**Data excerpt**

=== Section Start ===

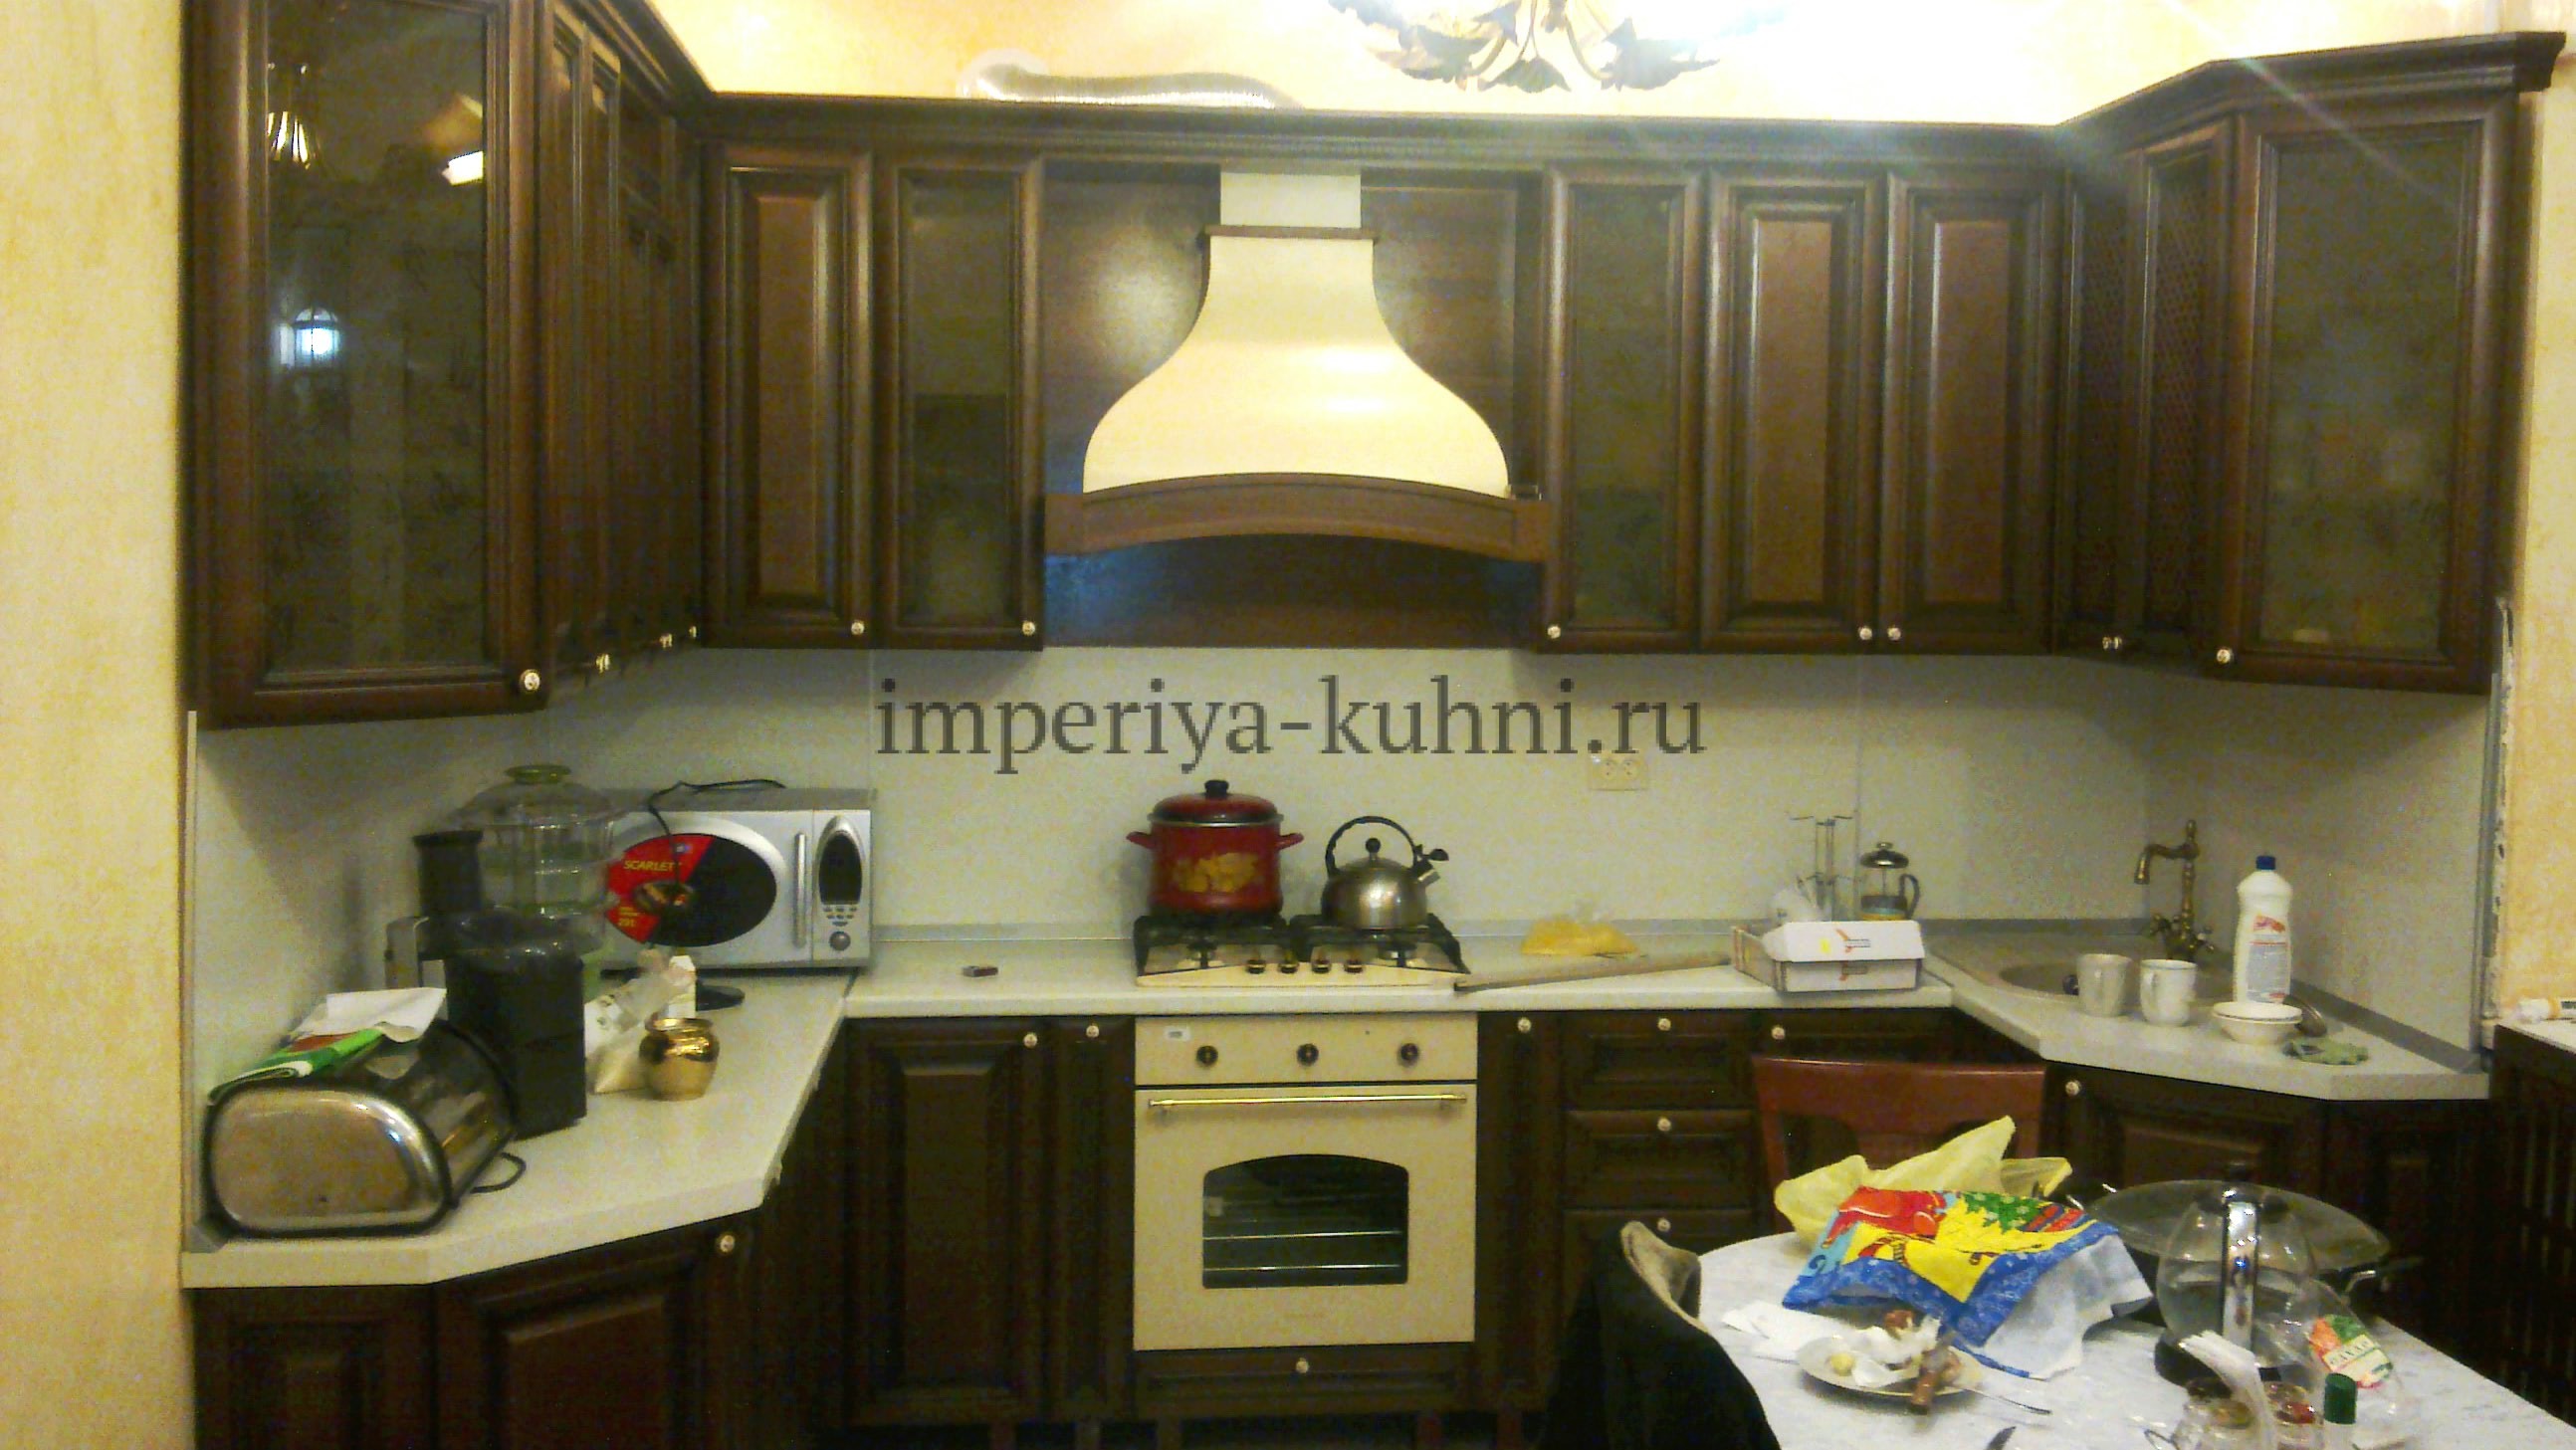 Фото кухни из массива ольхи. Модель- Ника. Цвет- темный.
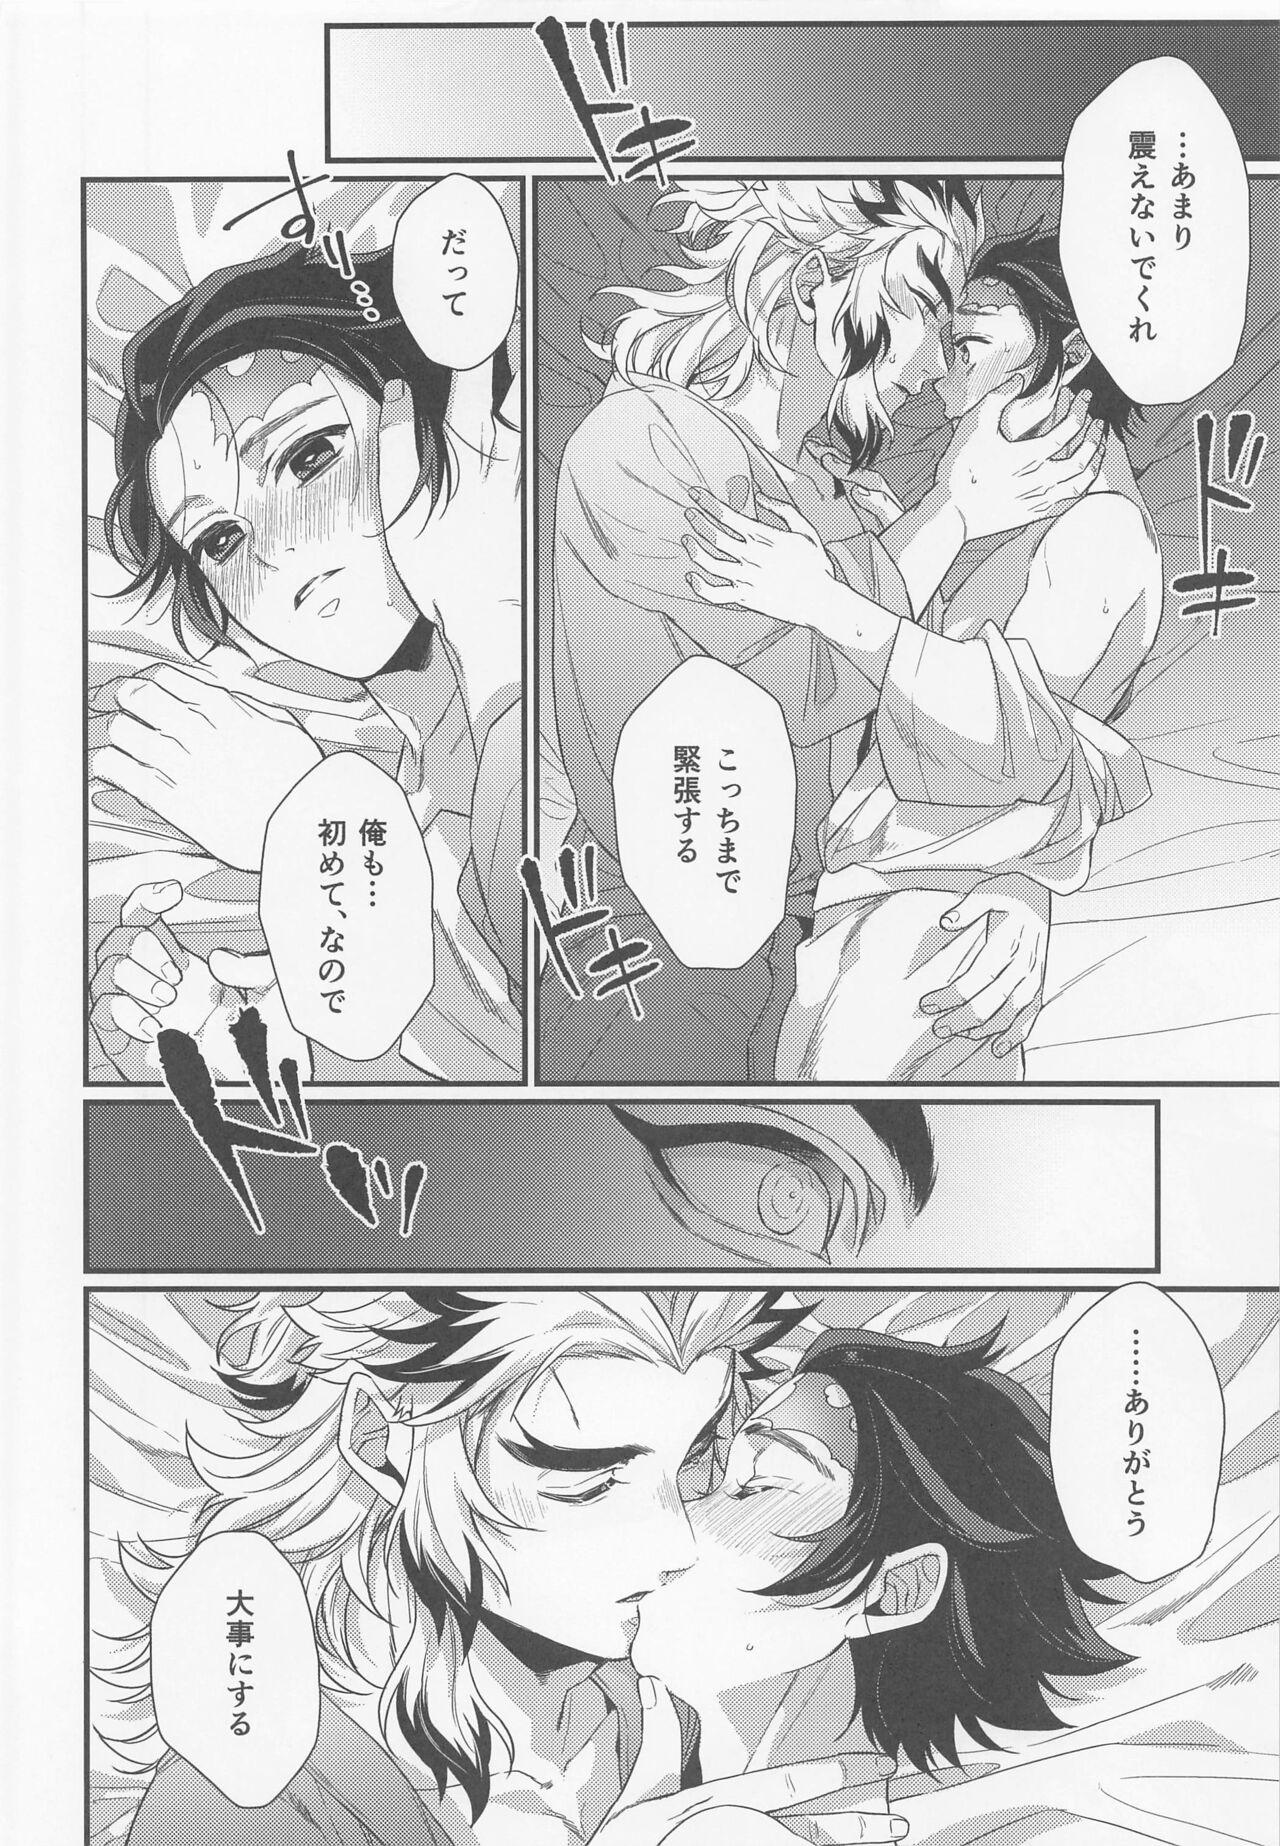 Small Tits sukida、shonen、daisukida - Kimetsu no yaiba | demon slayer Gay Party - Page 13
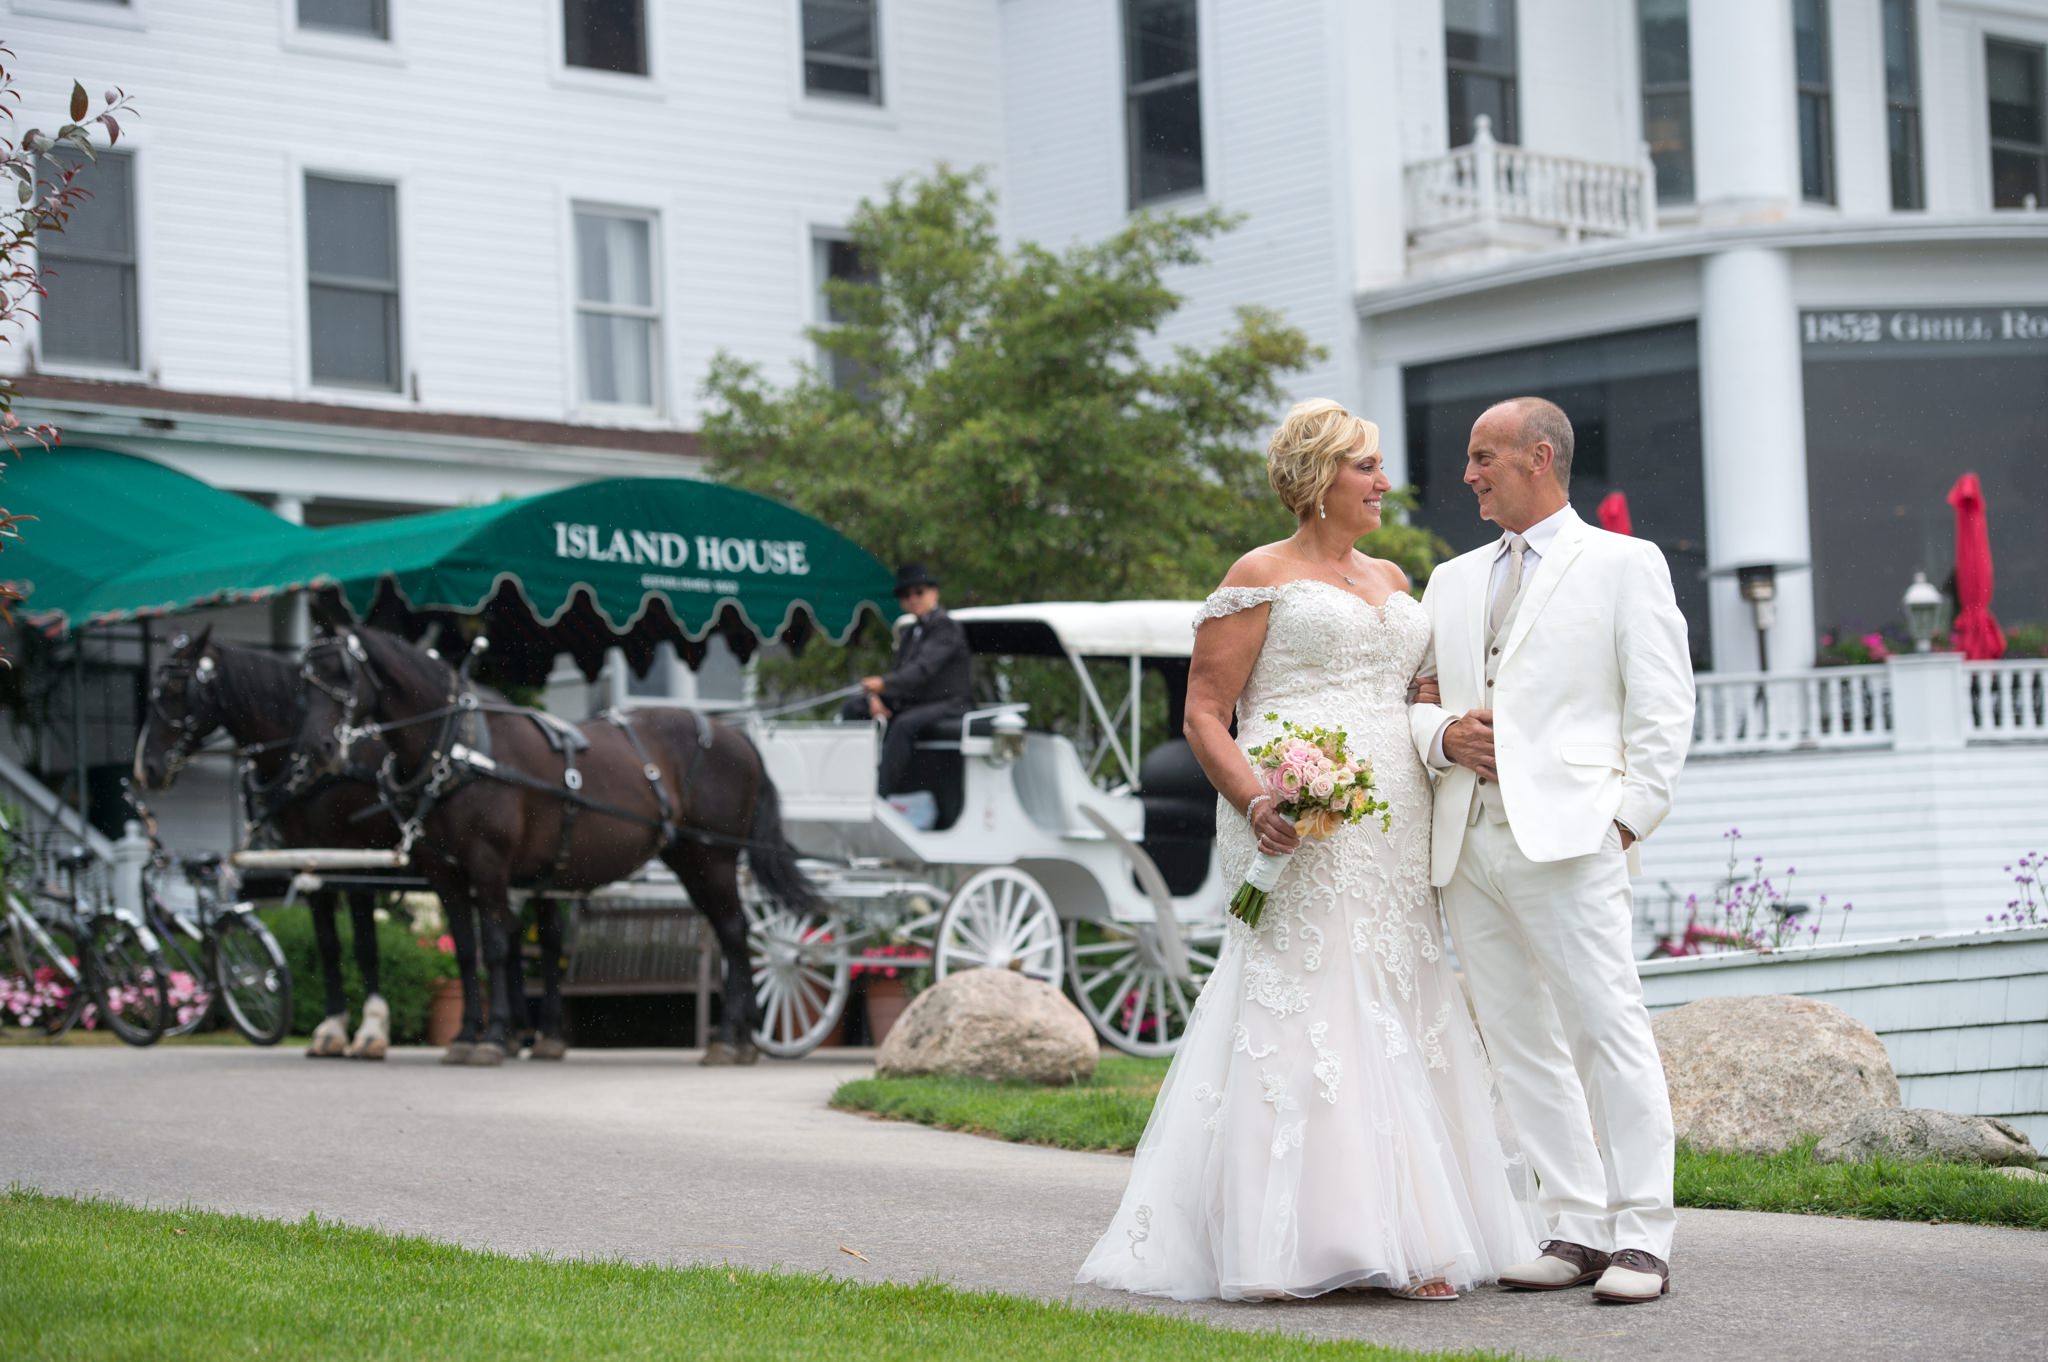 Island House wedding on Mackinac Island

=== Section End ===

**Exercise aim**
None of the pictures should appear; copy the rest of the material above exactly.

**Expected answer**
 Фото кухни из массива ольхи. Модель- Ника. Цвет- темный.
 Small Tits sukida、shonen、daisukida - Kimetsu no yaiba | demon slayer Gay Party - Page 13
 Island House wedding on Mackinac Island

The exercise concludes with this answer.